Sabrina Bonnet
30 juin 2025
Un projet de décret prévoit d’ouvrir aux syndics la possibilité de facturer des frais spécifiques pour la gestion des emprunts souscrits par les copropriétés.
C’est une évolution qui pourrait faire grincer quelques dents chez les copropriétaires. Selon un projet de décret consulté par L’Informé, les syndics de copropriété pourraient bientôt percevoir une nouvelle rémunération pour la gestion des prêts collectifs contractés par les immeubles qu’ils administrent.
Le texte, présenté ce 30 juin au Conseil national de la transaction et de la gestion immobilière (CNTGI), vise à modifier les contrats types réglementés des syndics. L’objectif ? Intégrer la gestion des emprunts collectifs comme une prestation facturable, en dehors du forfait annuel classique.
Une réforme discrète, mais impactante pour les copropriétaires
Les prêts collectifs, souvent utilisés pour financer des travaux importants (rénovation énergétique, ravalement, mise aux normes), sont souscrits par les syndics au nom de la copropriété, après vote en assemblée générale. Jusqu’ici, leur gestion faisait partie du périmètre des tâches incluses dans le forfait annuel. Avec ce projet de décret, cette mission deviendrait une ligne de facturation supplémentaire.
Concrètement, cela signifie que chaque copropriétaire engagé dans un emprunt collectif pourrait être amené à supporter de nouveaux frais, à répartir en fonction de sa quote-part.
Un besoin de clarification contractuelle... ou une ouverture à la surfacturation ?
Les syndicats professionnels plaident depuis plusieurs années pour une meilleure prise en compte du travail administratif lié à ces emprunts : recherche de financement, négociation avec les banques, suivi des échéances, gestion des appels de fonds spécifiques. Des tâches chronophages, argumentent-ils, qui mériteraient une rémunération à part entière.
Mais du côté des associations de copropriétaires, la crainte d’une dérive tarifaire est bien réelle. Une nouvelle prestation encadrée par décret signifie aussi une opportunité pour certains syndics de multiplier les frais annexes, dans un secteur déjà critiqué pour son opacité tarifaire. La vigilance sera donc de mise quant aux modalités d’application.
Vers un encadrement précis dans le contrat-type ?
Le projet de décret prévoirait d’inscrire cette nouvelle prestation dans la liste des actes hors forfait, prévue dans le contrat-type issu du décret de 2015. Une évolution réglementaire qui aurait pour avantage d’encadrer cette facturation dans un cadre défini, à condition que les honoraires soient clairement précisés et votés en assemblée générale.
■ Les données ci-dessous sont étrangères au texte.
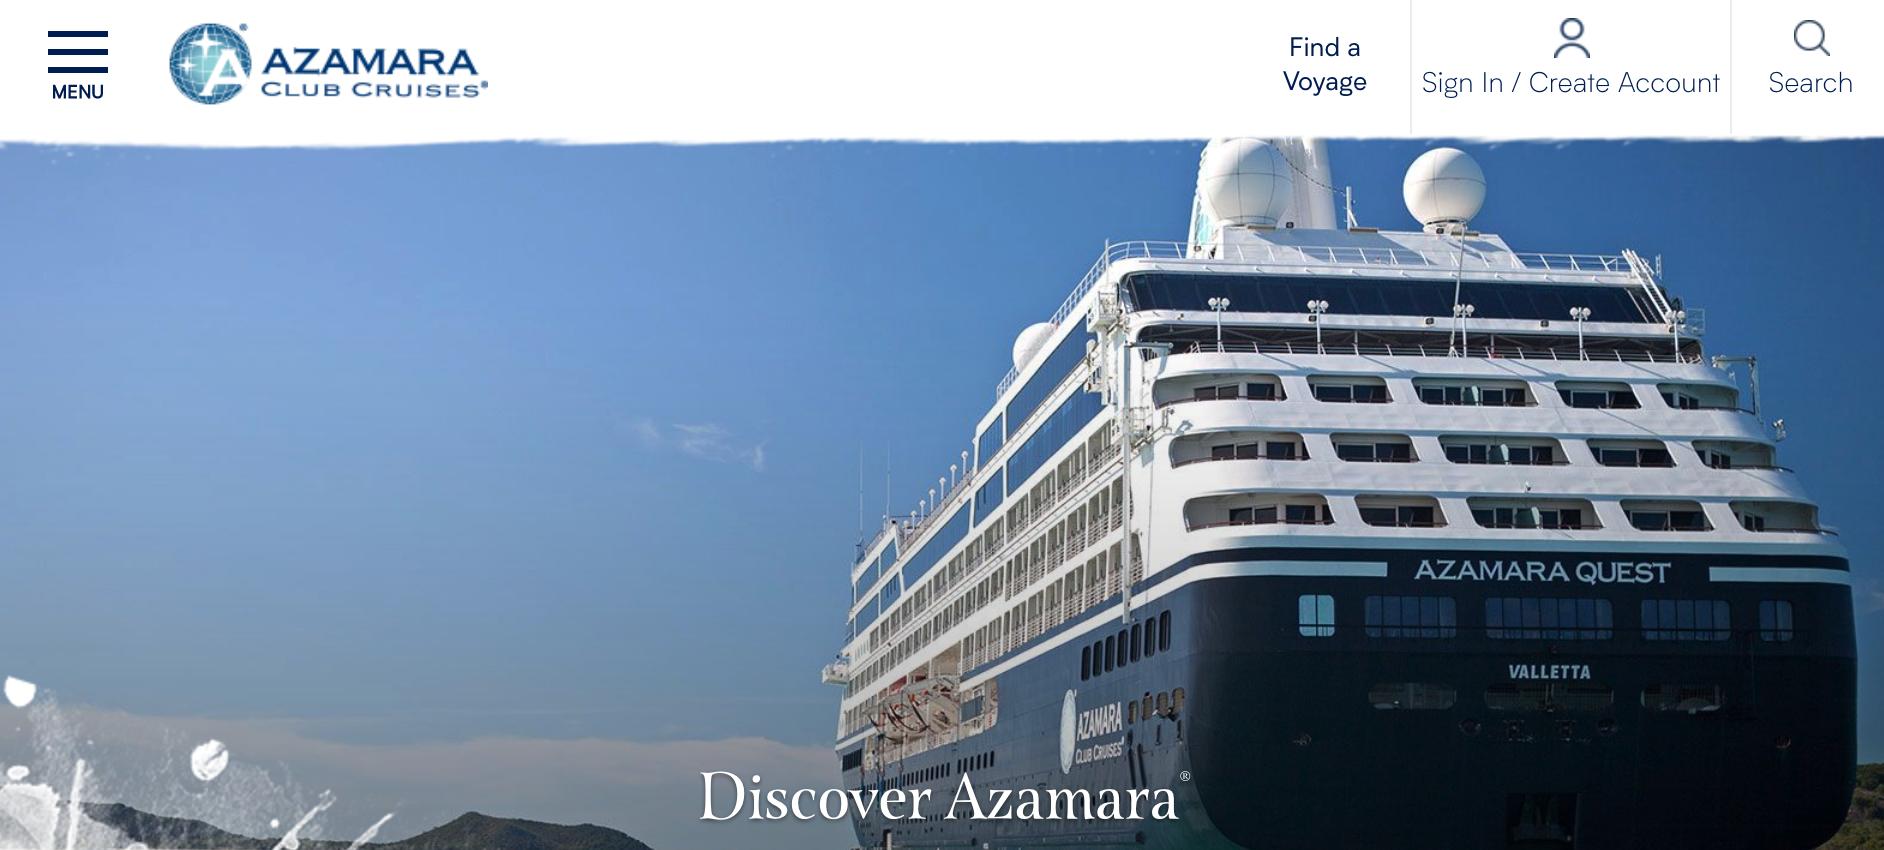 Azamara-Cruise-Insurance | AardvarkCompare.com

Pour les copropriétés qui envisagent de financer leurs travaux par un prêt collectif — notamment dans le cadre des rénovations globales encouragées par l’État — cette réforme pourrait donc alourdir légèrement le coût final du projet, si aucune régulation des honoraires n’est mise en place.
Un signal supplémentaire de la complexification du rôle de syndic
Ce projet s’inscrit dans un contexte plus large : celui de la montée en charge des missions des syndics, notamment avec les nouvelles obligations liées à la rénovation énergétique, aux diagnostics techniques globaux, et à l’accompagnement des aides publiques.
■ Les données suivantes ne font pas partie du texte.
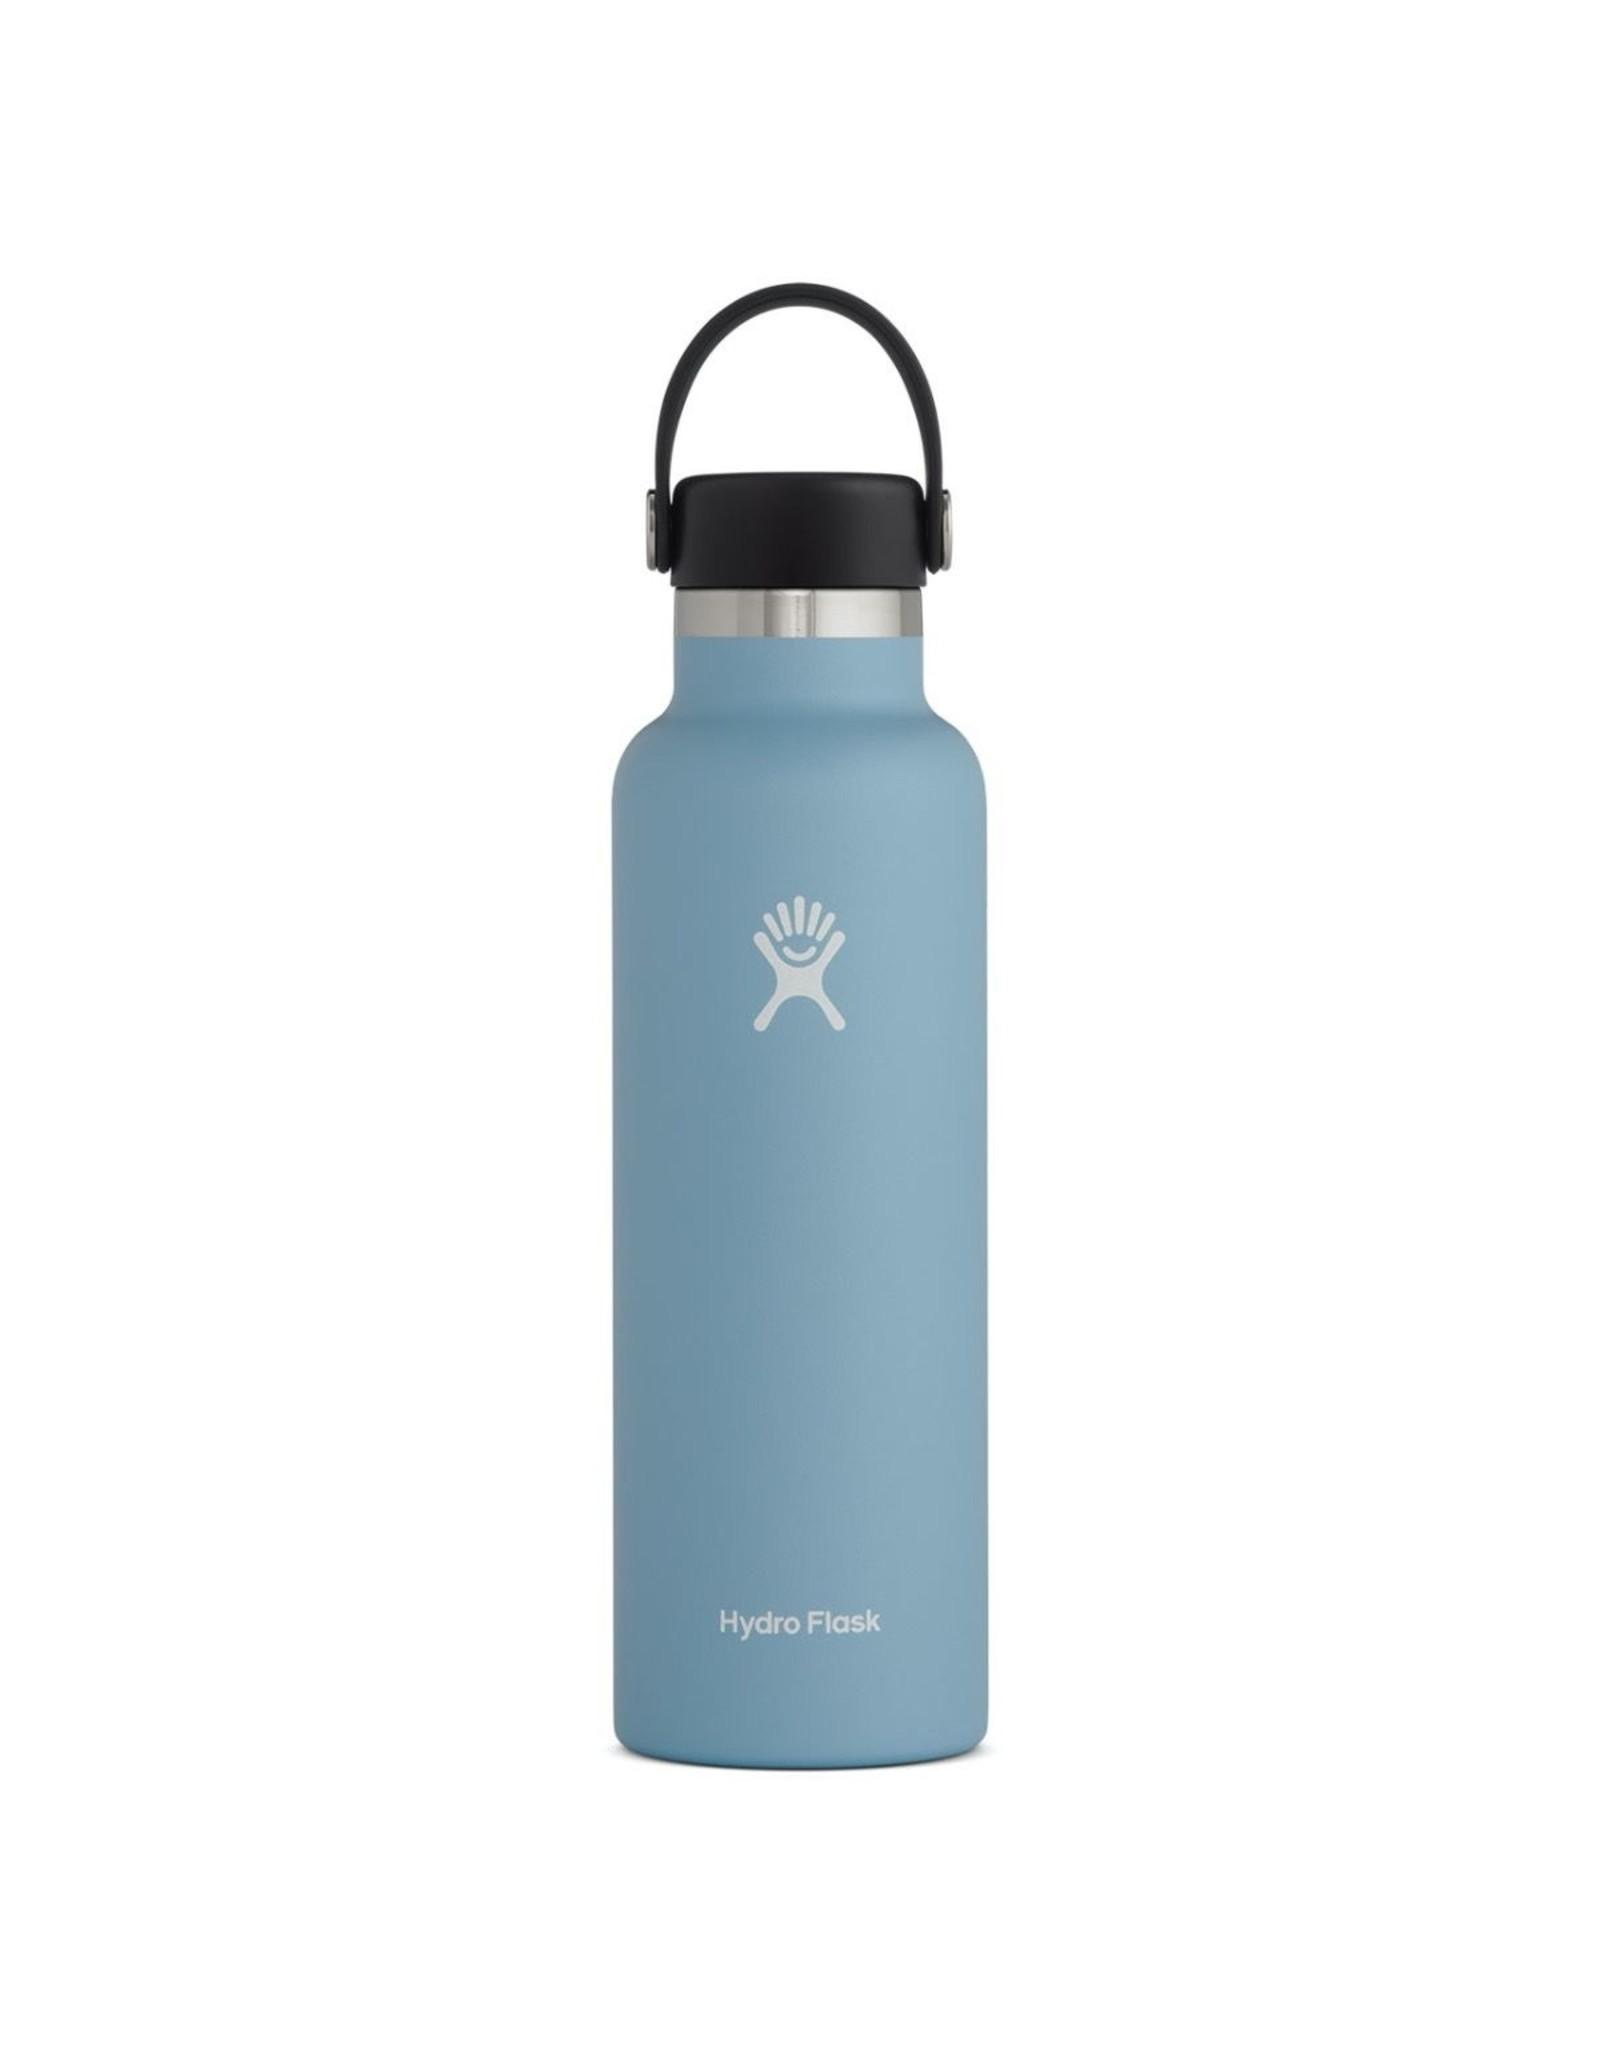 Hydro Flask Hydro Flask 21oz Standard Mouth w/ Flex Cap Rain

Le rôle de syndic devient de plus en plus technique, administratif, financier. Mais cette montée en compétence appelle aussi à plus de transparence et de pédagogie vis-à-vis des copropriétaires, notamment sur les coûts réels de ces prestations et leur utilité.
Conclusion : nouvelle ligne de frais en vue pour les copropriétés
Si ce décret venait à être adopté, la gestion des prêts collectifs ne serait plus considérée comme une mission incluse, mais comme une prestation distincte et facturable. Une évolution qui souligne, une fois de plus, l’importance de lire attentivement les contrats de syndic, et de veiller à ce que chaque ligne tarifaire soit justifiée, encadrée… et votée.